▶ [INPUT DATA]:
#####
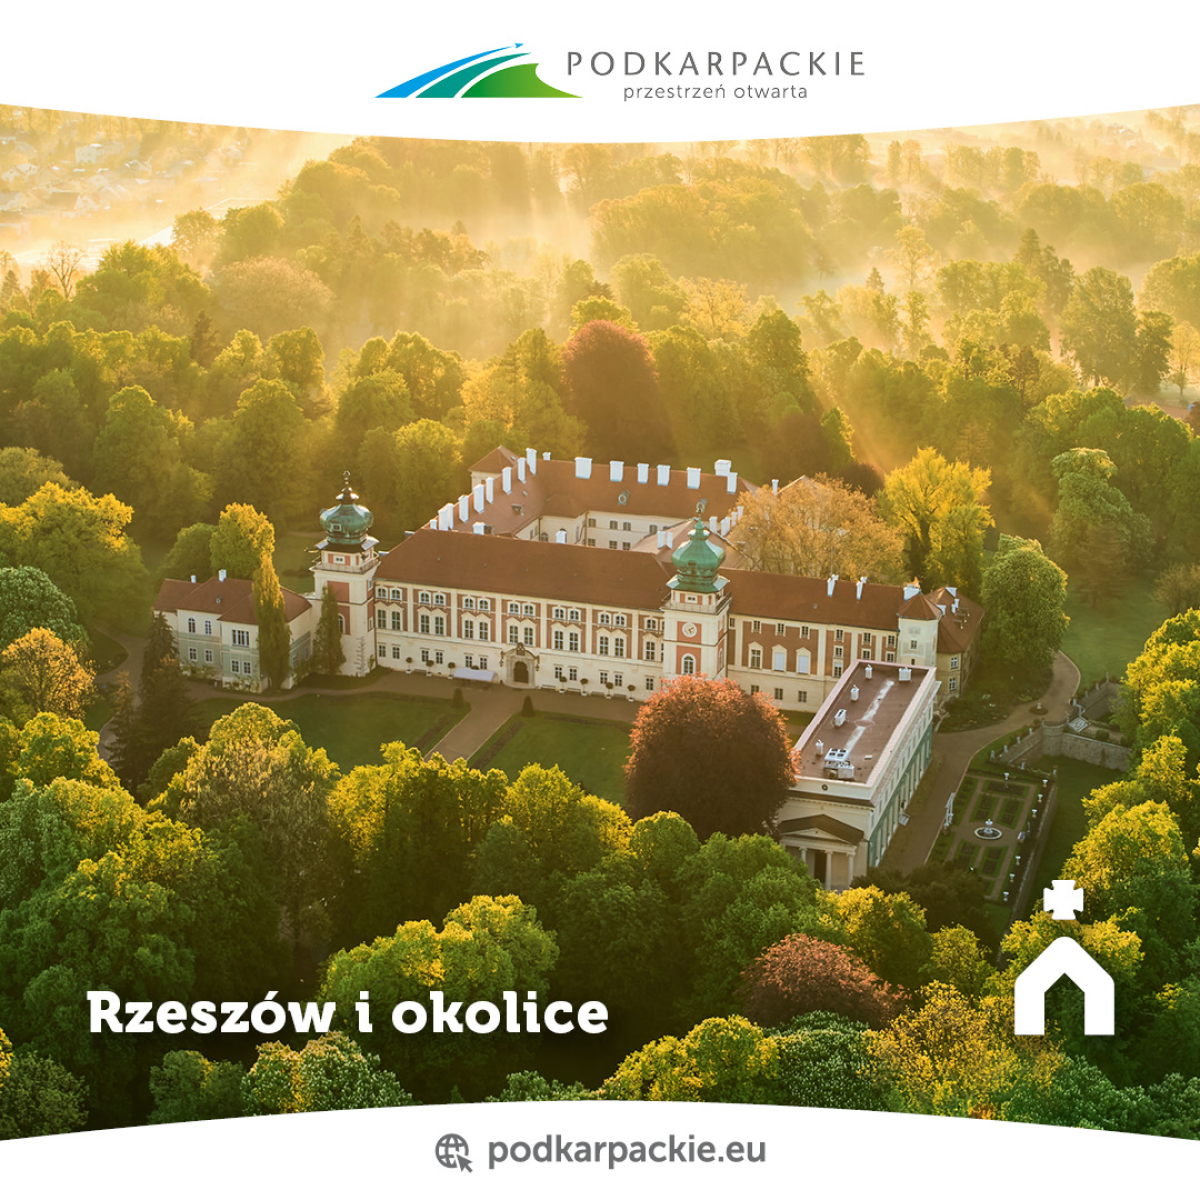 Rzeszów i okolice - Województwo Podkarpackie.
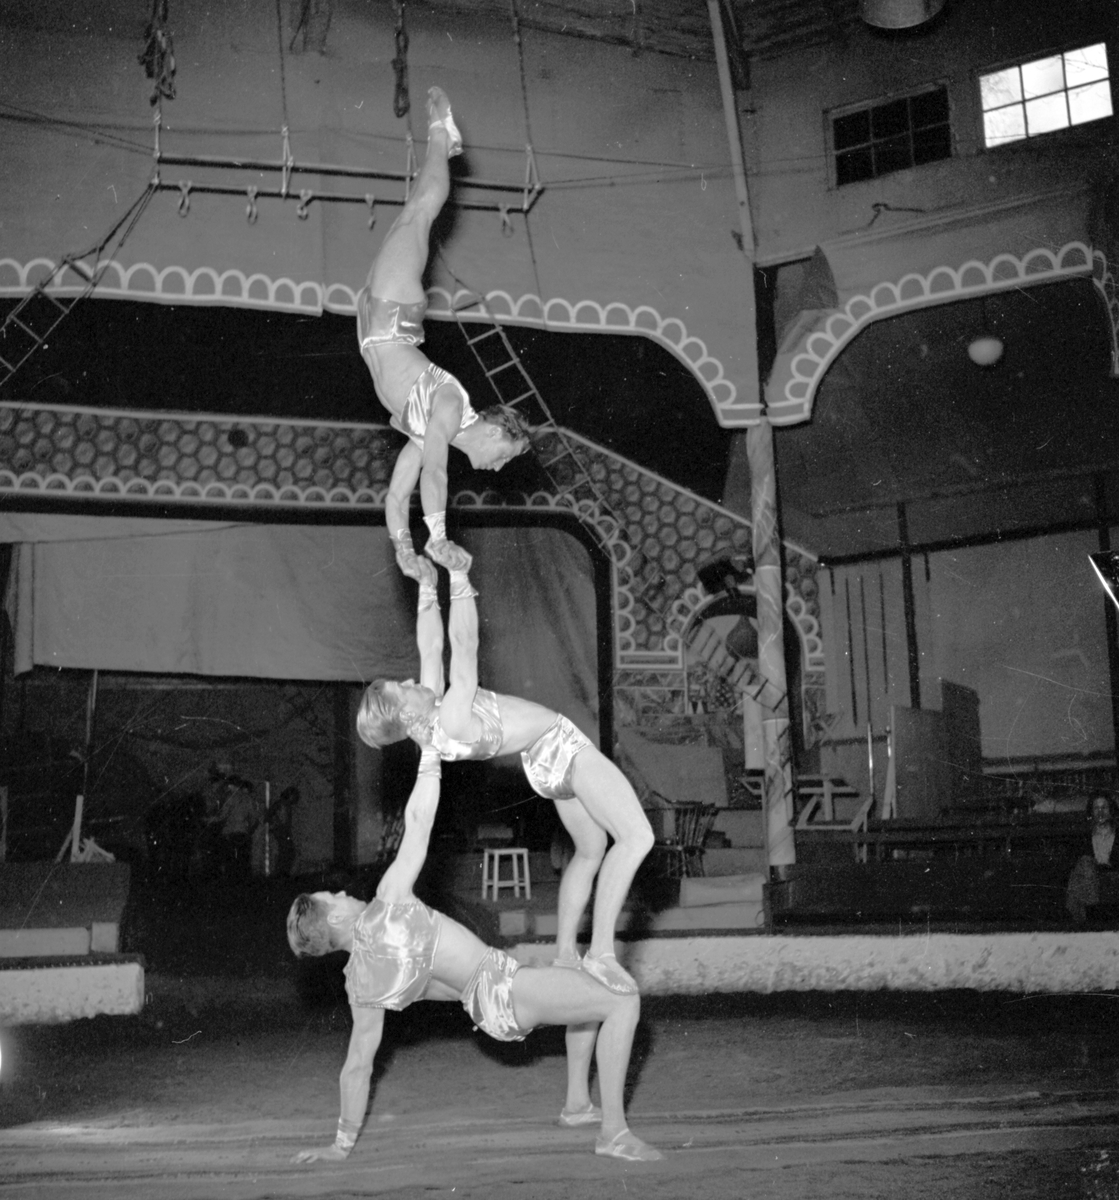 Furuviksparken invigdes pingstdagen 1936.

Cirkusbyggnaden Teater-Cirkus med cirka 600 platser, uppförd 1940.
#####
▶ [WHAT YOU NEED TO DO]: Retype the entire listing exactly as it appears, dropping only the pictures.

▶ [EXERCISE OUTPUT]:
 Rzeszów i okolice - Województwo Podkarpackie.
 Furuviksparken invigdes pingstdagen 1936.

Cirkusbyggnaden Teater-Cirkus med cirka 600 platser, uppförd 1940.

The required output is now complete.